Understanding How Leverage Works In Forex
Knowing How Leverage Works In Forex and setting a realistic goal are two key points that we must understand if we are serious about trading in the Forex market. Similar to any other business venture, we still need a solid plan that incorporates clear business strategy as it will allow us to minimize loses while at the same time consistently generate profits.
Majority of new traders have difficulty navigating their way in the market because they mistake Forex trading as an easy business to earn extra cash, but soon they find that is not the case. If you are considering trading, this article about How Leverage Works In Forex is written exclusively for you.
How Leverage Works In Forex: the definition
By definition, leverage means a borrowed fund, a concept that is largely used by both companies and investors. The only difference is how each entity applies the concept into its business plan. Companies typically use leverage to finance their corporate assets.
With leverage, companies are able to use debt financing in order to invest in their business operations; a more profitable way than to request stock to quickly raise capitals every time the need for it arises. On the other hand, investors use the term to refer to the act of levering any of their investments by using a number of instruments such as margin accounts, options, and futures in order to increase their returns.
Despite the difference in how both entities apply leverage into their business plan, the point of leverage is to reap profits. In Forex, this term can simply understand as a way for traders to generate more profits from the exchange rate fluctuations between two different currencies.
How Leverage Works In Forex: the risk
The prospect of being able to generate an impressive amount of profit without having to put down all your money may be tempting, but just like any other things in life, the prospect still comes with a risk. A good rule of thumb is that the bigger the amount of leverage you are applying on a capital, the bigger the risk that comes with it. You may double your profit or lose everything you have, no in-between about it.
Many would argue that if we did not risk it, we would never try. While the saying is true to some extent, it is worth noting that you must always take a few of these followin safety precautions before you proceed:
- Before you shoot your shot at an opportunity to double your profit, first you must learn how to properly minimize your losses. Make sure to always cap your losses right within a limit you deem manageable.

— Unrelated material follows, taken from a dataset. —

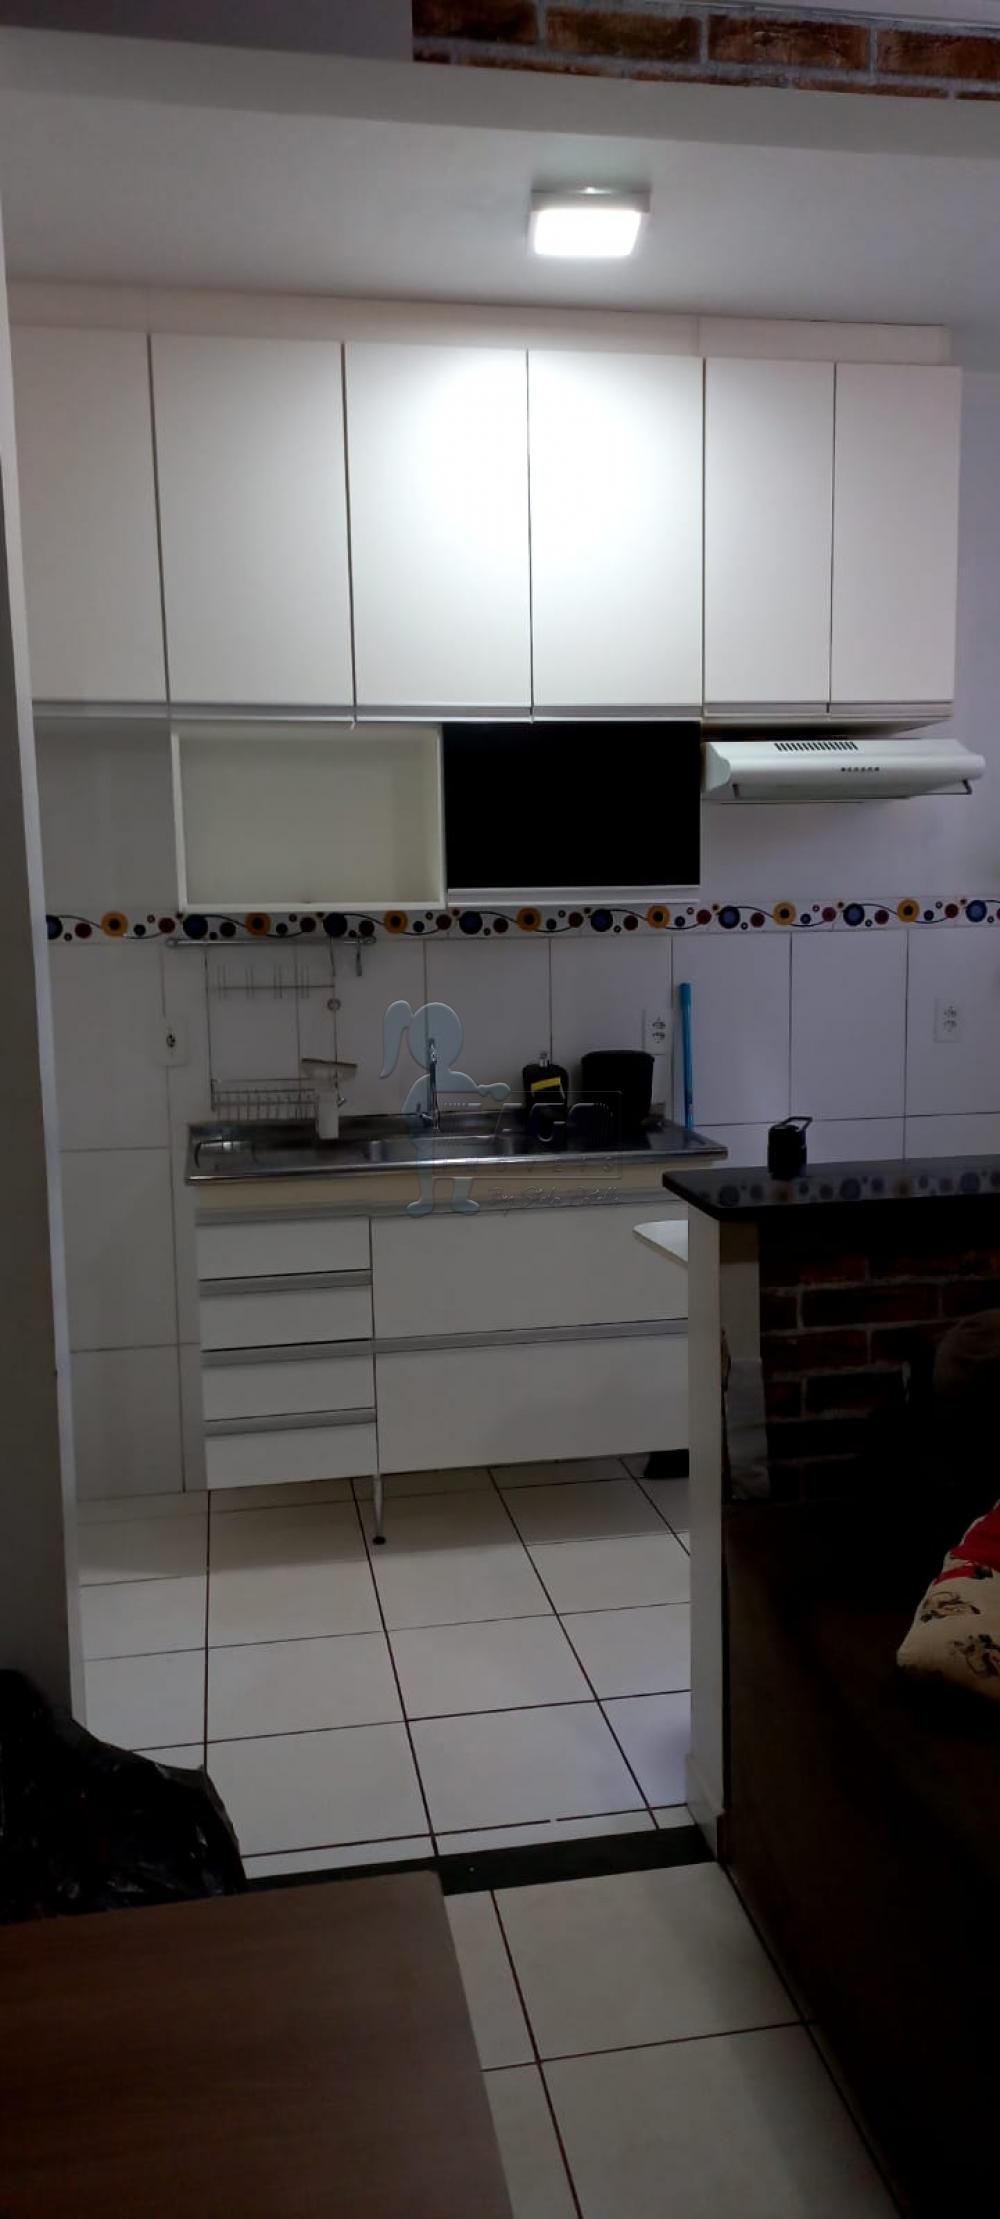 Comprar Apartamentos / Padrão em Ribeirão Preto R$ 180.000,00 - Foto 15

- ‘Strategic Stops’ is widely consider as one of the most important features since the Forex market works around-the-clock and there is no way you can always keep up 24 hours a week. Use it to protect your profit and cap your losses when you are away.
- Last but not least is to always use the appropriate leverage that perfectly suits your personal comfort level. If you are a cautious trader, using lower leverage level such as 5:1 or 10:1 would suffice.
With this article, hopefully you know How Leverage Works In Forex.